В день моего освобождения меня вызвал к себе раввин и прочел мне свою последнюю проповедь: «Как должен себя вести хороший еврейский мальчик». Проповедь влетела мне в одно ухо и сразу же вылетела через другое. В заключение он улыбнулся, похлопал меня по спине и сказал:

— Тебя ждет сюрприз. За тобой приехал друг, чтобы отвезти тебя домой. Он ждет на улице.

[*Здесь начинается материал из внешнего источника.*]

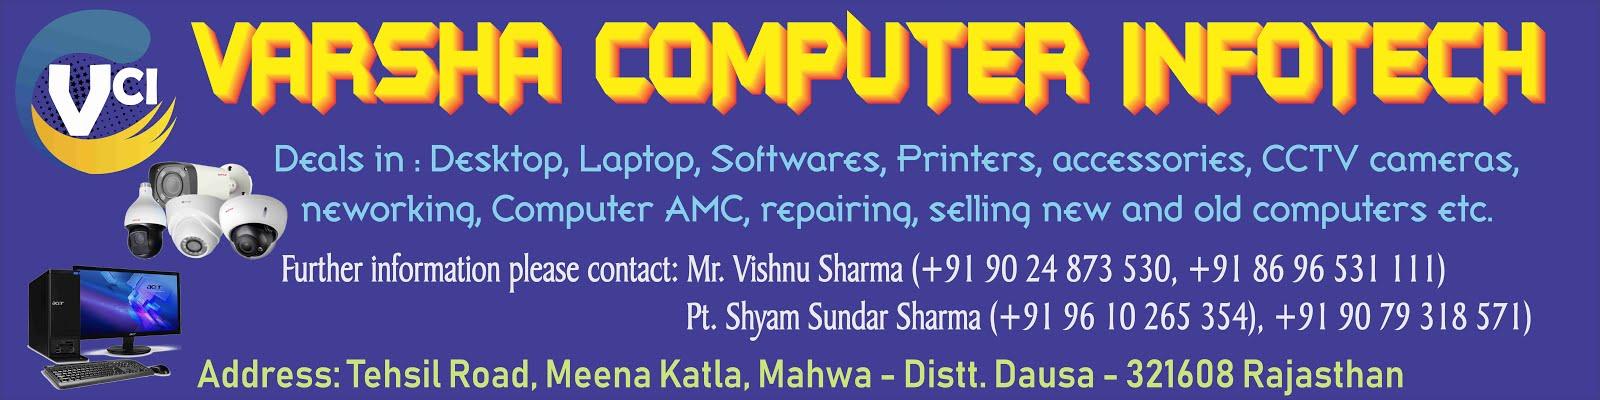 VARSHA COMPUTERS

Пытаясь сообразить, кто бы это мог быть, я весело выскочил из здания. Облокотившись на черный сверкающий «кадиллак», дымя сигарой и широко улыбаясь, передо мной стоял Большой Макс. Несмотря на то что мы выросли вместе и он был моим ближайшим товарищем со времен нашей учебы в «суповой» школе, сейчас он показался мне почти чужим человеком. Наверное, в этом были виноваты восемнадцать месяцев, которые мы провели врозь. Макс совсем не походил на прежнего себя. Он здорово вырос и был уже выше ста восьмидесяти пяти сантиметров. Он действительно стал большим. У него были широкие, мощные плечи и поджарое тело спортсмена. Наверное, он до сих пор интенсивно тренировался. Он хитро смотрел на меня своими темными блестящими глазами и заразительно улыбался, показывая ровные белые зубы.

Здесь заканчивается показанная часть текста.